• WHAT YOU WILL DO:
When the data below is printed, every line must match exactly and the images must be absent.

• RAW DATA:
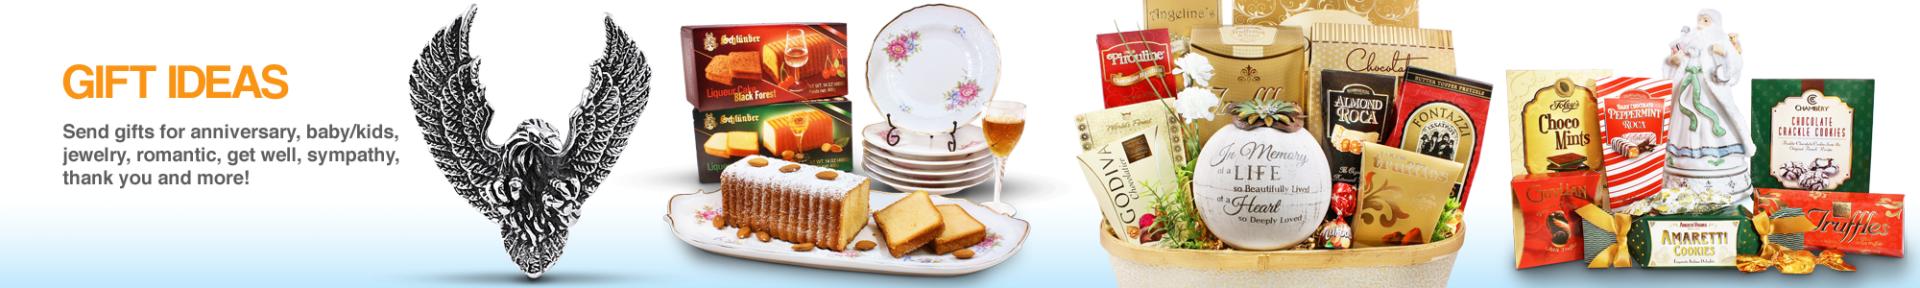 Gift Ideas - Gourmet Gift Basket Store
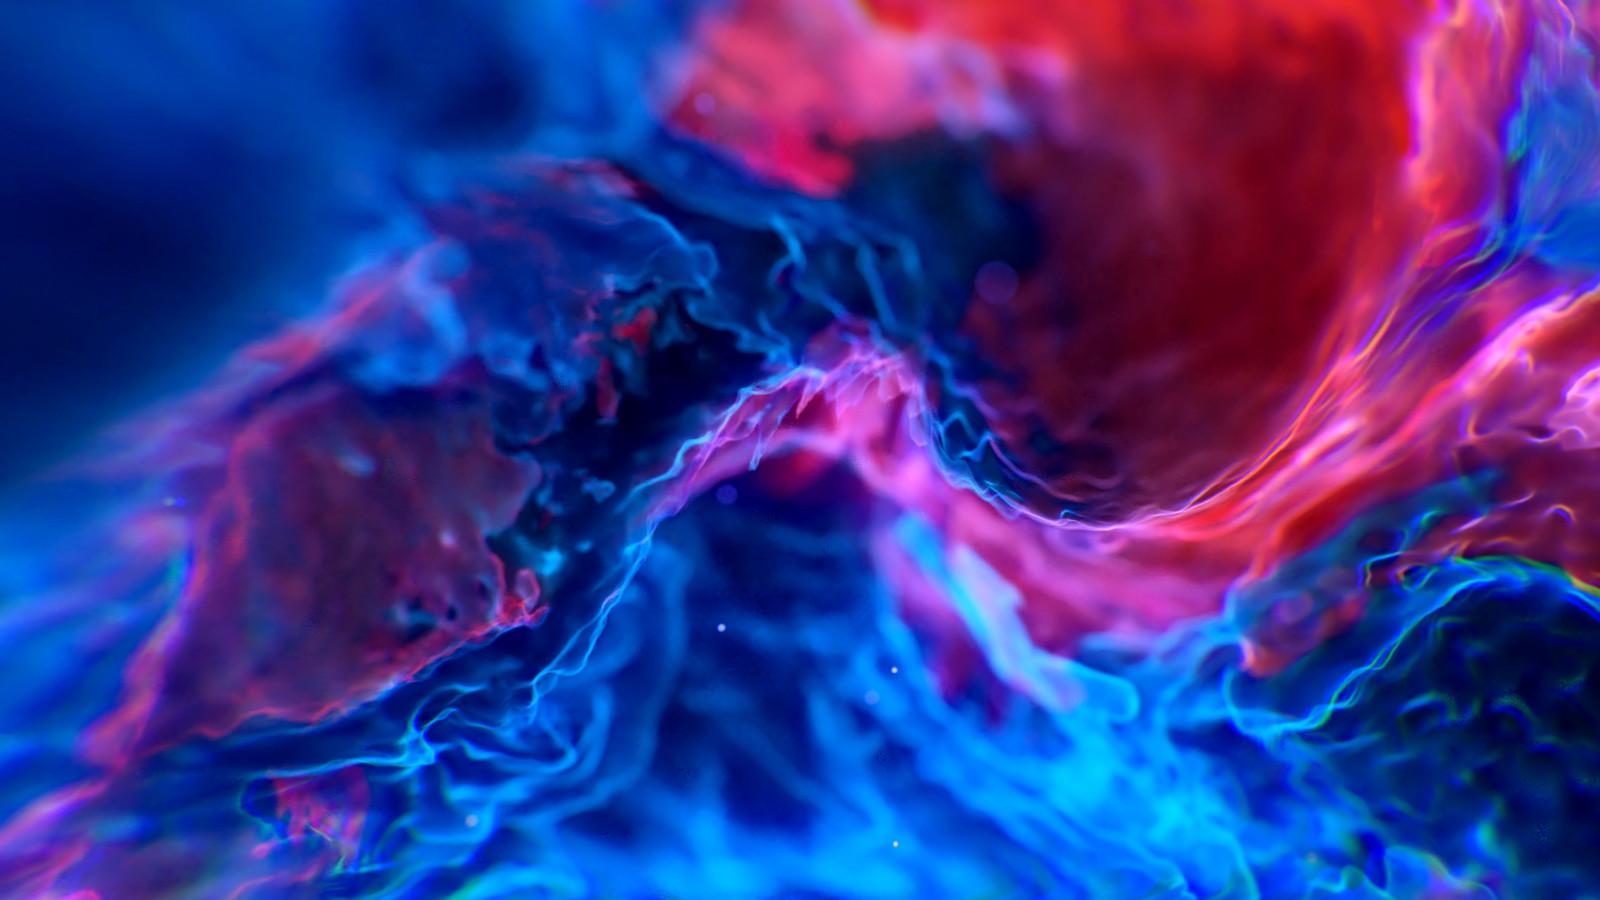 Nebula Collision
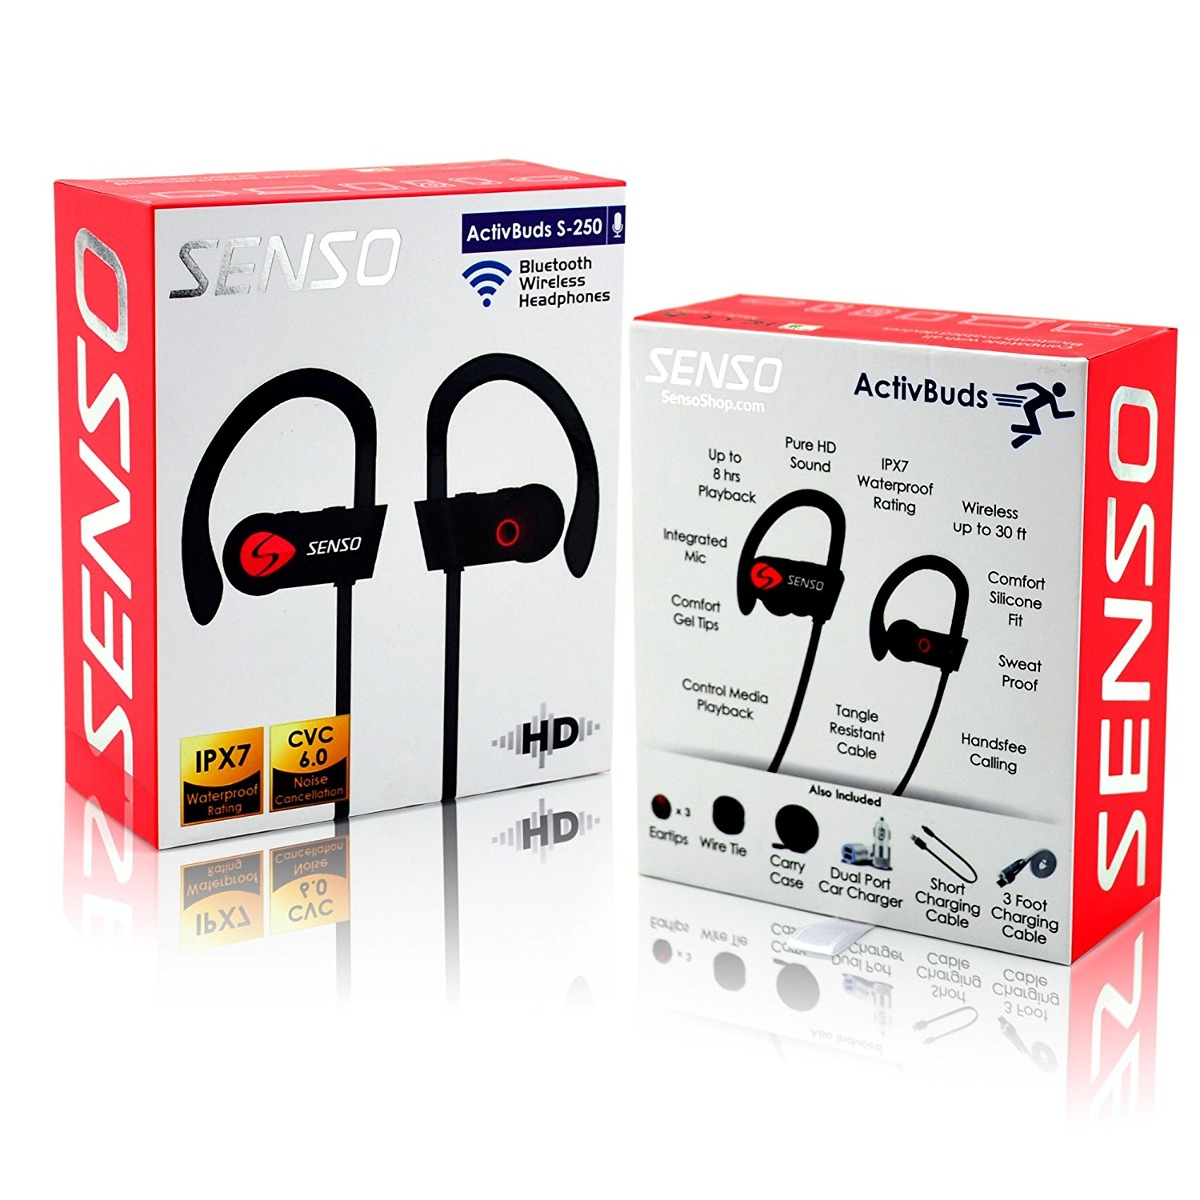 a8336f98cfa audifonos bluetooth senso con mic resist agua anti ruido. Cargando zoom.

• RESULT OF THE TASK:
 Gift Ideas - Gourmet Gift Basket Store
 Nebula Collision
 a8336f98cfa audifonos bluetooth senso con mic resist agua anti ruido. Cargando zoom.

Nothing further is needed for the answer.